Currently, little is known about the cognitive benefits of non-action video games. Two studies have demonstrated evidence of improved mental rotation skills in young children trained in Tetris 
in addition to enhanced executive control abilities in older adults after real time strategy game training 
. Nevertheless, these non-action video game training results are not directly comparable to studies using action video games due to differences in sample selection. While most action video game studies used young adult samples, these two studies comprised of young children 
and elderly adults 
. Hence, it remains unclear if young adults trained using these games will show similar cognitive improvements.
To date, there has been a paucity of studies that compared transfer effects of different genres of games within the same study. Such a comparison of multiple genres is important because it is possible that different game types will improve different aspects of cognition and perception.
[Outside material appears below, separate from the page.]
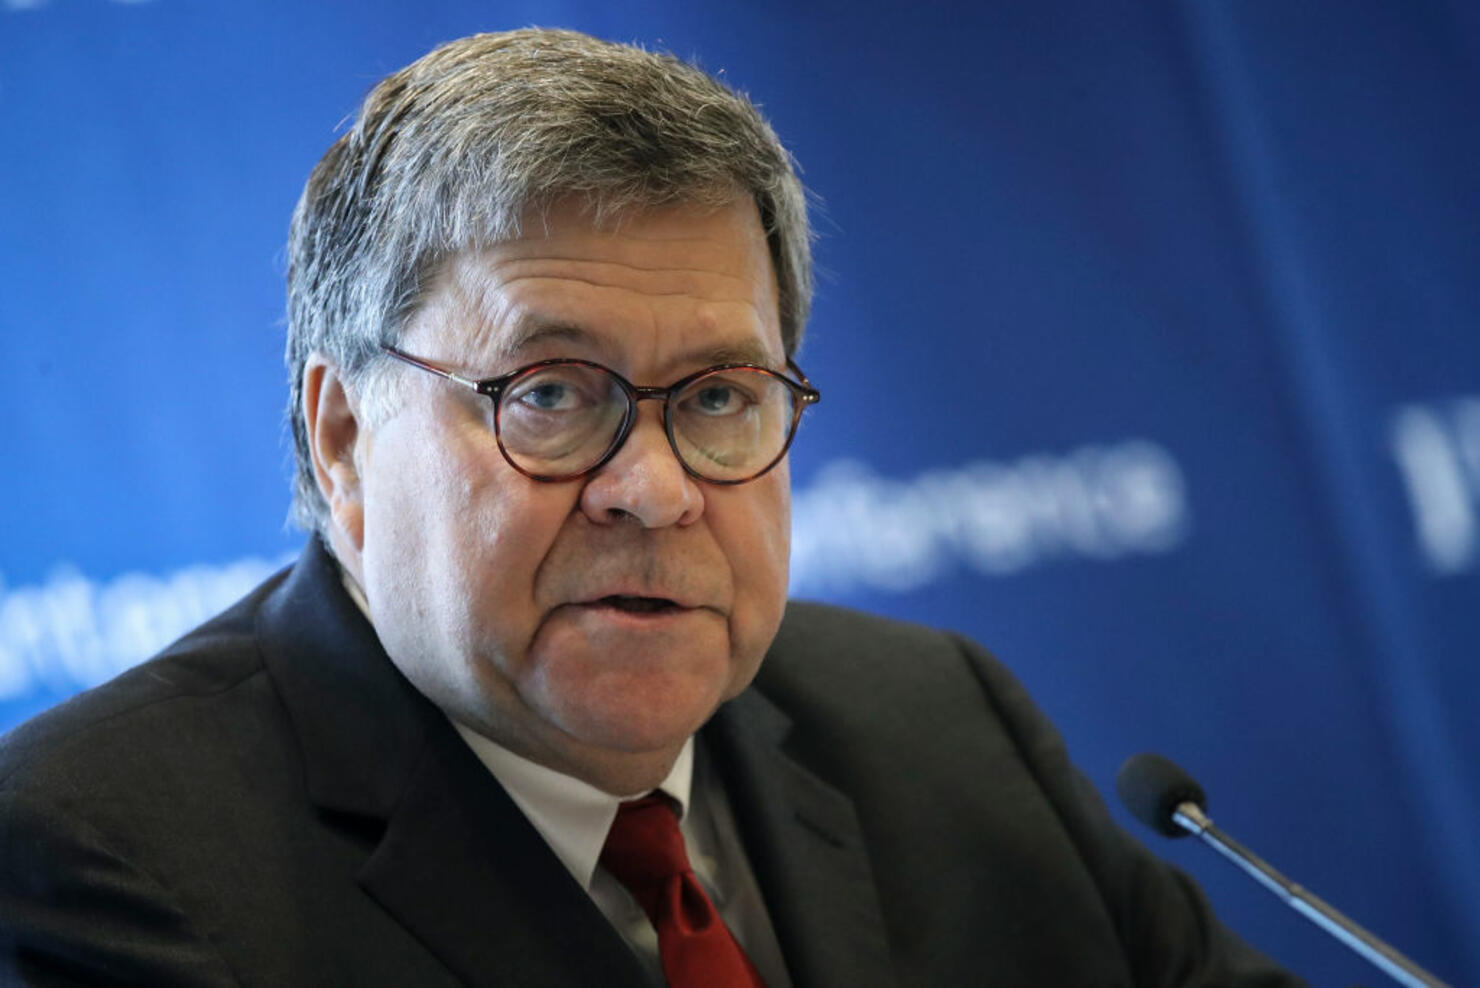 Attorney General William Barr Gives Opening Remarks At Cyber Security Conference

In most longitudinal studies involving action video games, researchers have compared a control group playing a non-action video game (e.g., Tetris) to a treatment group playing an action video game 
. These studies have generally shown more favorable transfer effects after playing action video games compared to a control non-action video game. While the benefits of action video games are not in question, the methods that have been used in these previous studies may have favored action games. Specifically, many action video game training studies have utilized transfer tasks that mimic the demands of action video games, thus possibly maximizing transfer effects. These transfer tasks are typically fast paced, with multiple objects to track and require quick switches of attention from one target to the next. One commonly used task, the attentional blink task requires fast recovery from detecting one target (T1) in preparation for detecting a second target (T2). Cognitive abilities required in this task are highly practiced in an action video game, where failure to attend to a second target (e.g., enemies appearing in succession) may result in losing points or even the game. Similarly, the cognitive abilities required in a multiple object tracking transfer task are also frequently practiced in action video games where there are high demands to attend and respond to numerous items simultaneously to progress in the game.
Group compositions in cross-sectional studies of action video games may also have unfairly favored experienced action video game players. Specifically, in cross-sectional studies 
, participants who reported casual playing of various genres of non-action video games have been grouped together with non-gamers in a single control group when compared with experienced action video gamers. Drawing conclusions on the superiority of action video games based on such selection criteria is problematic because the effects of playing non-action games may have been masked by the inclusion of non-gamers. Grouping game players of different genres within the same control group poses another problem. Since playing different genres of non-action video games may train different abilities, it is possible that the effects of different non-action games may cancel each other out. One way around this problem would be to directly compare performances between experienced players of specific game genres in a single study, although we suspect this would be operationally difficult because gamers tend not to play a single genre of game exclusively.
We sought to extend previous findings of cognitive improvements seen in action video games by including a wider range of video game genres. That is, in addition to an action game, we purposefully chose games that differ in cognitive demands like visual matching and search (e.g., match-3 and hidden-object game) as well as games that specifically train spatial working memory (e.g., memory matrix). We also included an agent-based life simulation game (The Sims) that did not initially appear to contain any of the aforementioned cognitive demands as a comparison.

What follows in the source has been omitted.